Where the Cayenne really impresses is in its breadth of personality. Cruising about normally, it’s a well-hushed wafter (again, were it not for the tent causing a racket on the roof), gliding about gracefully on its adaptive air suspension. In these lovely surroundings, there’s a sense that you could point the car at the opposite end of the country with neither you nor it breaking a sweat.

Twist the little rotary drive mode selector into Sport, though, and you’ll find that the Porsche badge isn’t just for show. Plant it, and there’s the slightest hesitation while the turbochargers gird their loins and the gearbox drops a couple of cogs,  then the car pitches backwards, pointing its nose upwards like a hydrofoil boat as some big numbers appear on the dash. With engine and motor co-operating, the S E-Hybrid will hit 62mph in a quoted 4.7 seconds, and a 163mph top speed.

You’re left wondering why you’d possibly want one of the V8 versions – that is, assuming you’ve got some electricity to help out.

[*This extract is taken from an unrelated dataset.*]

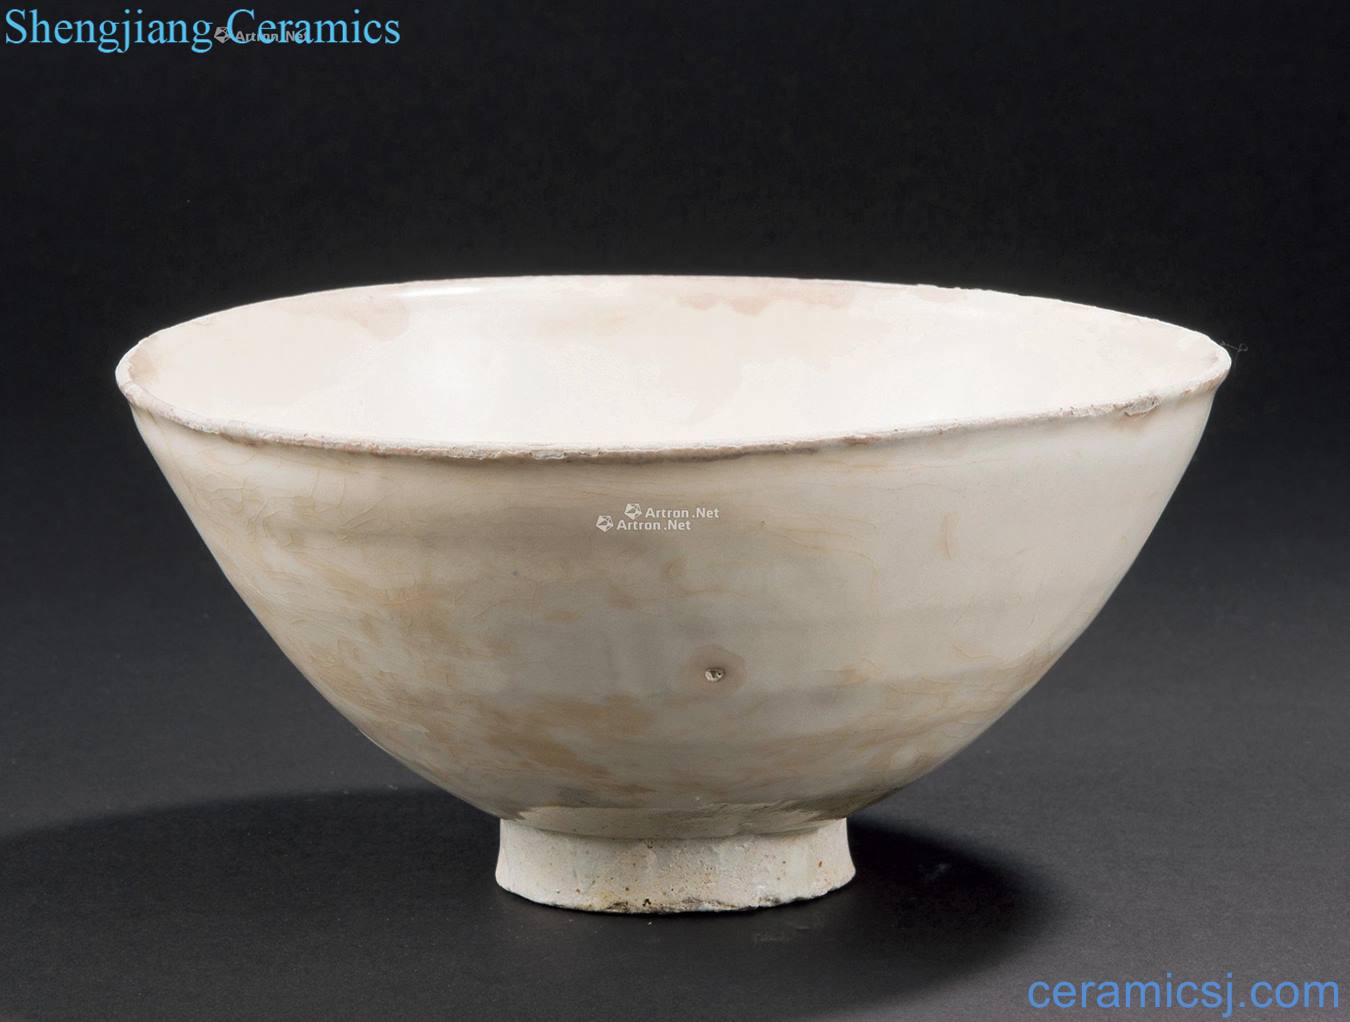 Song magnetic state kiln white glaze bowls

With a dead battery, it’s still far from slow, but you have to work the V6 noticeably harder to shift around the car’s 2440kg mass.

Porsche Cayenne - detail
Porsche Cayenne - detail

When switching to Sport or Sport Plus mode, the Cayenne’s adaptive suspension defaults to a corresponding setting, but a pop-up menu allows you to immediately switch it back to normal while keeping the hotter powertrain calibration. This is a good idea: the harder damper settings can be a bit much for British roads, and there’s not an enormous tradeoff in lateral movement with the softer suspension.

The steering is very well-weighted and direct, and this car’s optional rear-axle steering and Porsche Torque Vectoring Plus system helps keep things tidy and stable at speed. In general, it handles very well for a two-and-a-half-ton SUV, but remember that qualifier, and be prepared to plan ahead a little if hustling along a good road.

The brakes could also use a bit more bite, especially around town, where you sometimes find yourself having to properly stand on the pedal to fight the drivetrain’s forward creep. Actual brake feel is impressive for a PHEV, though, with little to no interference from the regen.

Porsche Cayenne - rear
Porsche Cayenne - rear

It’s easy to see why the Cayenne has been such a moneymaker for Porsche for the last two decades. In its latest guise, it’s comfy, handsome inside and out, impeccably built, engaging enough to be worthy of the Porsche badge, and reasonably efficient if you don’t act like a complete tool.

Obviously, such a spread of talents doesn’t come cheap: an S E-Hybrid Coupe starts at £90,100, with this test car running up to £104,642. That price tag, though, gets you one of the very best luxury SUVs there is. And it probably helps bankroll the next mad, naturally-aspirated 911 too, so you’re doing us all a favour.